42. Kara, EE y col. Distintos ejes de receptores de quimiocinas regulan el tráfico de células Th9
a sitios inflamatorios alérgicos y autoinmunes. J. Immunol. 191,110-117 (2013).
43. Esplugues, E. et al. El control de las células TH17 se produce en el intestino delgado. naturaleza 475,
514-518(2011).
44. Shih, DQ et al. Se establece la inhibición de un nuevo factor fibrogénico Tella revierte
fibrosis colónica. Mucosal Immunol.7,1492-1503 (2014).
45. Ostanin, DV et al.
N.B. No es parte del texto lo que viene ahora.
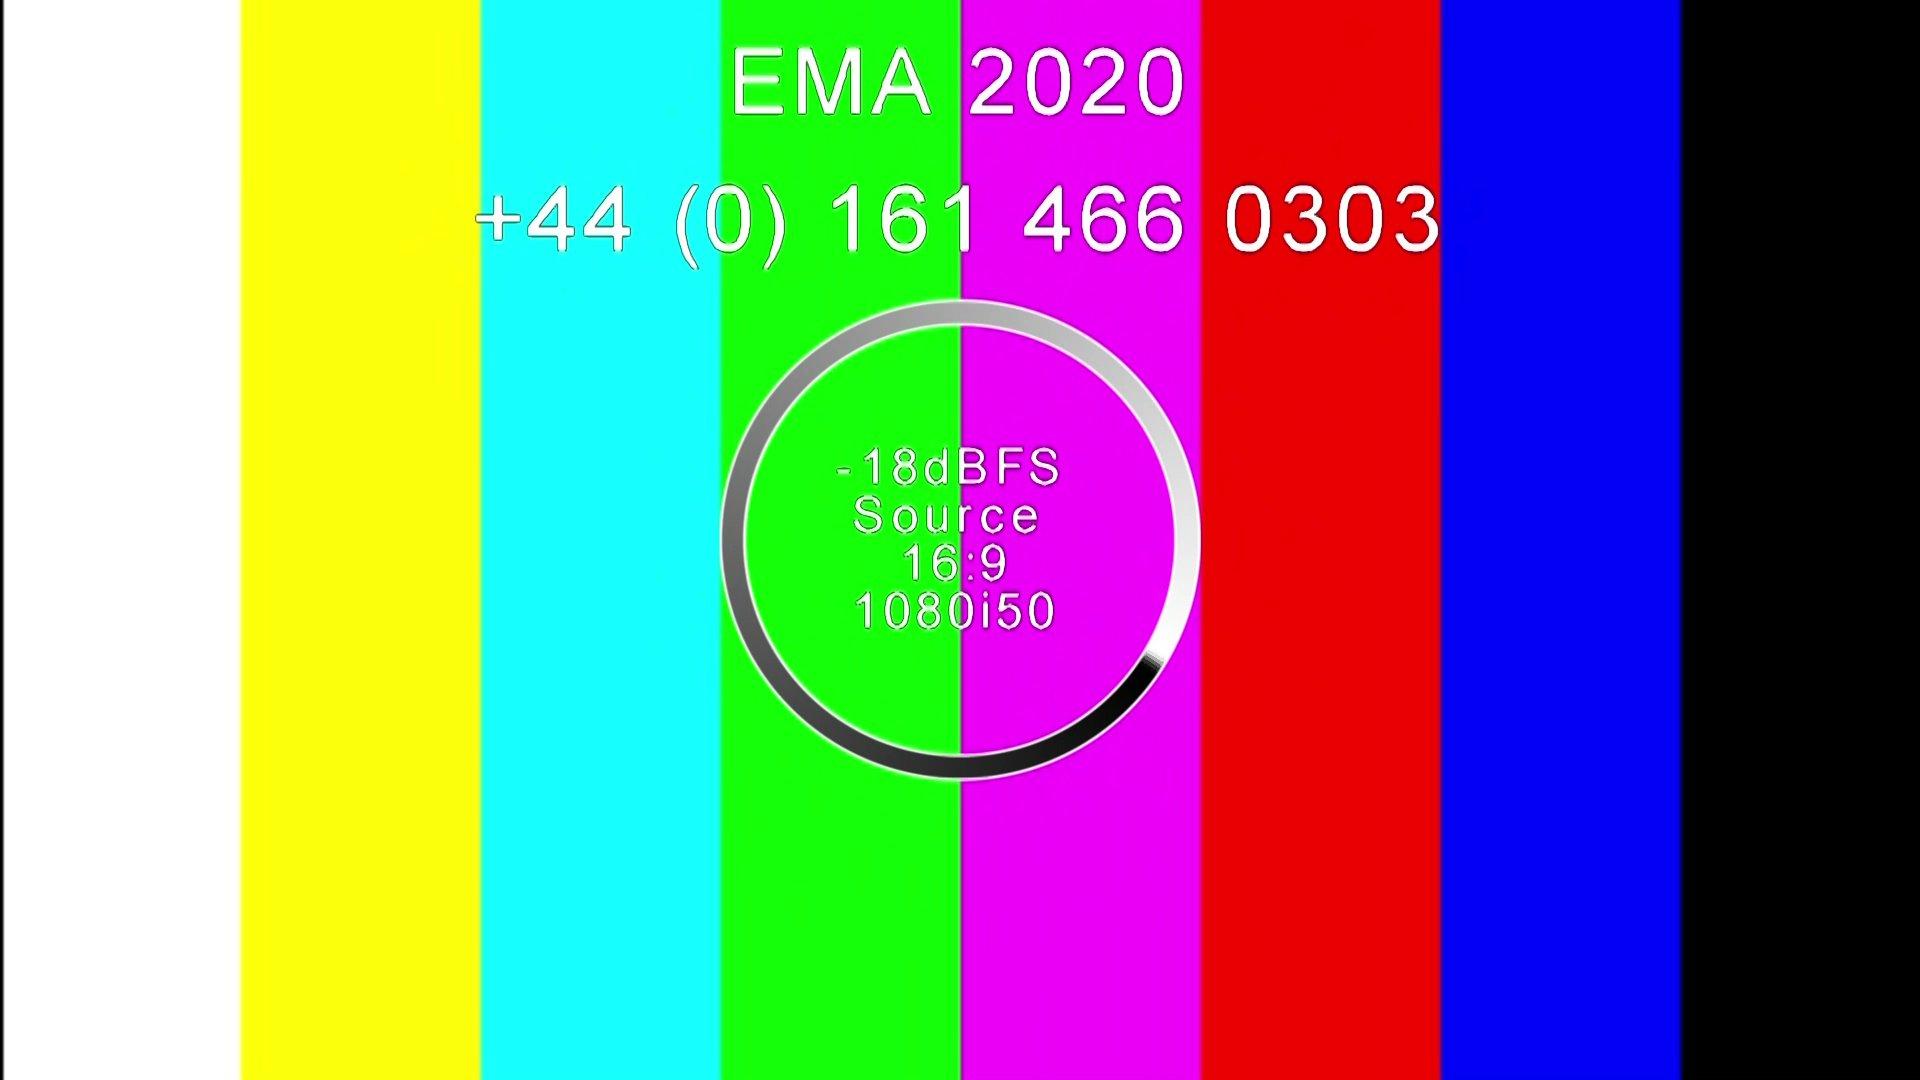 vlcsnap-2020-11-04-15h21m11s810.jpg

Modelo de transferencia de células T de colitis crónica: conceptos, consideraciones y trucos del oficio. Soy. J. Physiol. Gastrointestinal. Fisiol hepático. 296, G135-G146 (2009).
46. Chin, JE et al. El reclutamiento de leucocitos en las vías respiratorias en ratones depende de alfa4-
integrinas y molécula de adhesión celular vascular-1. Soy. J. Physiol. 272, L219-L29 (1997).
47. Weigmann, B. et al. Aislamiento y posterior análisis de lámina propia murina
células mononucleares del tejido colónico. Nat. Protocolo 2,2307-2311 (2007).